Agora, com o novo desabrochar de sua alma, Zoé assumiu uma nova
morti icaçã o, surpreendente e, de certa forma, assustadora por ser tã o
adulta. Apesar de todos os trabalhos de seu dia difı́cil, ela começou a
jejuar à s sextas e sá bados. Isso preocupou Tonine. A irmã mais nova
nã o tinha nada alé m de admiraçã o pela santidade intensa e vivi icante
de Zoé ; ela até começou a imitá -lo; no entanto, ela sentiu que havia um
limite. Tonine sabia muito bem como o trabalho podia aguçar a fome de
uma menina em crescimento, ela sabia que os feitiços de desmaio que a
fome nã o correspondia podiam trazer e decidiu que nã o deveria haver
mais tolices. Franzindo a testa severamente para sua irmã , ela ameaçou
contar a seu pai.
"Bem, entã o, diga a ele!" foi a resposta curta e decidida de Zoé .

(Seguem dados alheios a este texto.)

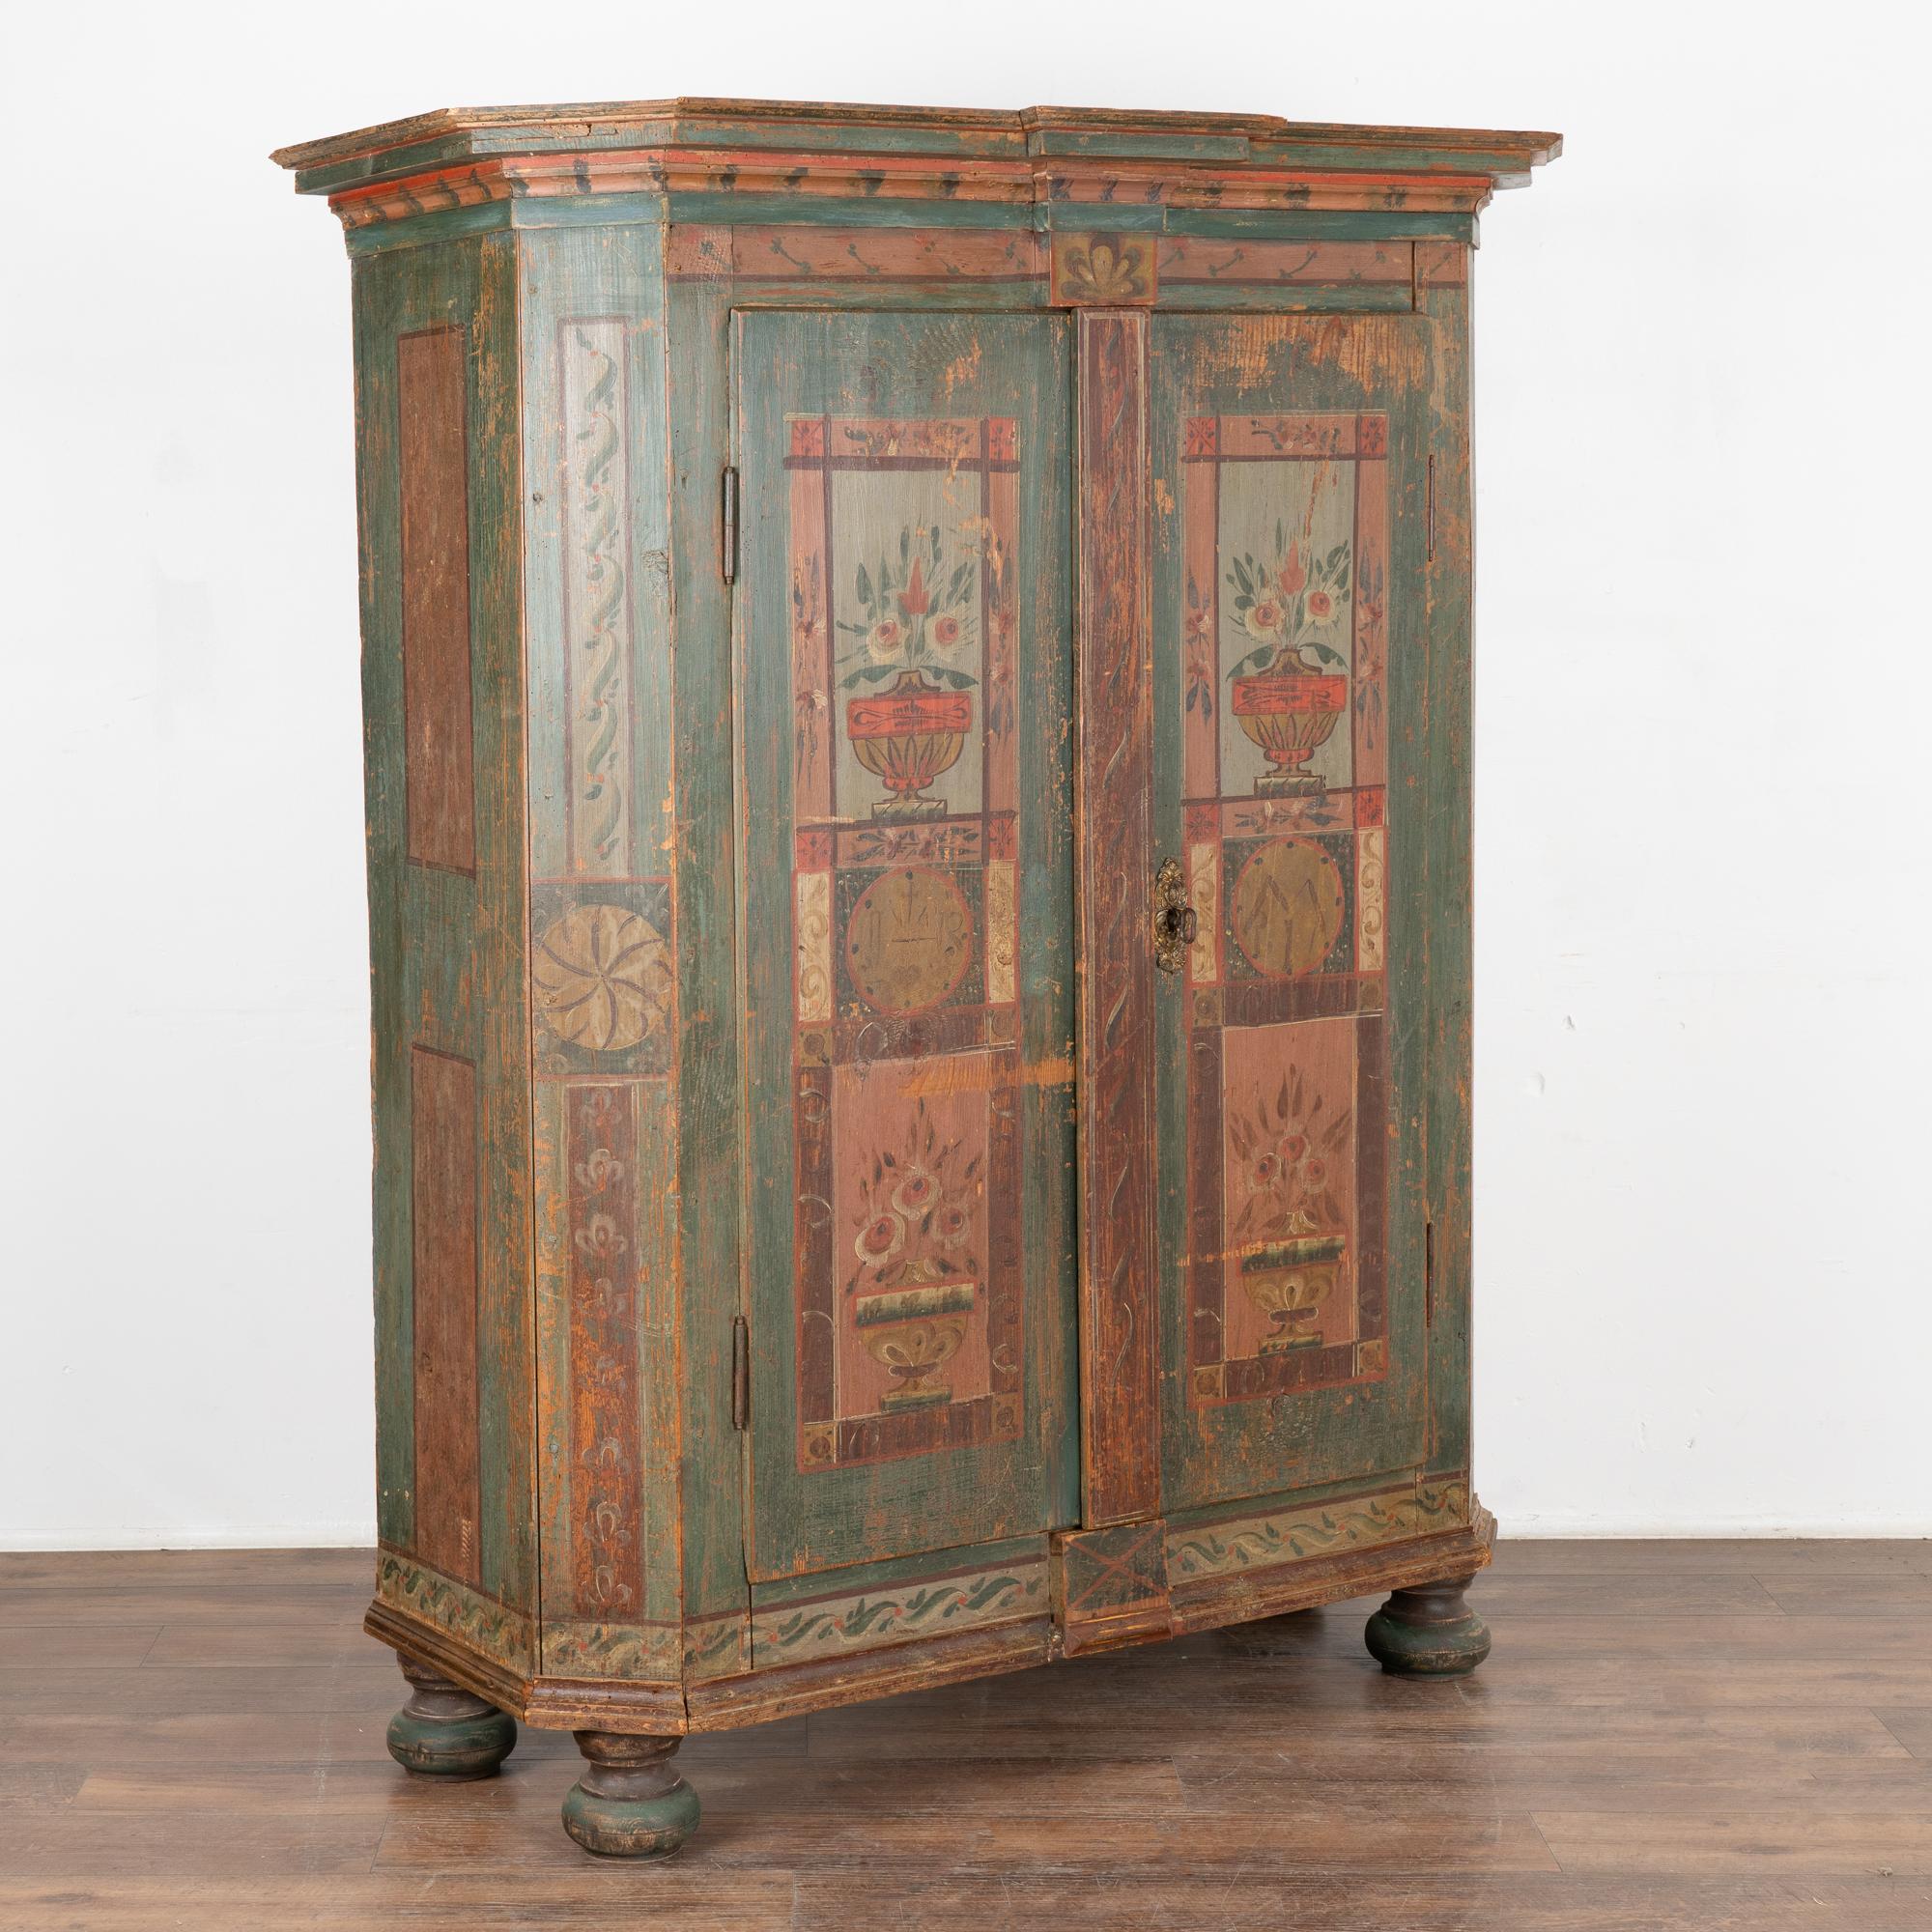 This painted pine armoire still maintains the quality and details of the original hand-painted finish. The floral and geometric patterns against the green painted background were traditional folk art style elements of the era.
This armoire was

Esta é uma das poucas frases textuais que temos desde o inı́cio da
vida de Zoé Labouré ; ela nã o era dada a muita conversa. O pró prio
isolamento das palavras confere-lhes um signi icado ú nico. "Diga à
ele!" E incrı́vel a quantidade de percepçõ es desses doispalavras dã o ao
cará ter deste jovem notá vel. A vontade de ferro, a determinaçã o
robusta, a franqueza simples, tudo está aqui tã o desenvolvido como
sempre estaria. Se tivessem sido pronunciados daqui a cinquenta anos,
nã o teriam mais cará ter. O andaime de aço para construir uma
santidade suprema já estava montado.
Um tanto surpreso com a indiferença de Zoé e a falta de
compromisso, Tonine decidiu ver o que estava acontecendo. Ela contou
ao pai.
O pai nã o discutiu o assunto com Tonine. Era sua maneira de
guardar seus pró prios conselhos, especialmente no que dizia respeito
aos ilhos. Ele, no entanto, protestou com Zoé , apontando-lhe a
necessidade de manter as forças para suas tarefas á rduas. Zoé ouviu
com respeito, mas nã o mudou em nada em sua determinaçã o. Ela
jejuava nas sextas e sá bados. Tonine apenas deu de ombros e se retirou
do campo. Ela cumpriu seu dever.
A importâ ncia deste incidente reside no fato de que, mal
interpretado, poderia contestar a habitual obediê ncia e humildade do
santo. A obediê ncia de Santa Catarina era sua virtude mais brilhante, e
nã o deve ser ofuscada nem um pouco sem prova positiva. Se nã o
soubé ssemos mais nada sobre Zoé Labouré alé m deste ú nico incidente,
deverı́amos considerá -la uma criança teimosa e obstinada. Todo o seu
relacionamento com o pai, entretanto, era de respeito e submissã o ilial
habituais. Com relaçã o ao incidente no contexto, portanto, chegamos a
qualquer uma das duas conclusõ es, ambas favorá veis a Zoé : ou a
admoestaçã o do pai foi um simples conselho - e há evidê ncias muito
boas disso; ou, se fosse um comando, uma Autoridade superior o
anulou. E certo que Zoé , ao desconsiderar o conselho do pai neste
assunto, estava seguindo a Vontade de Deus.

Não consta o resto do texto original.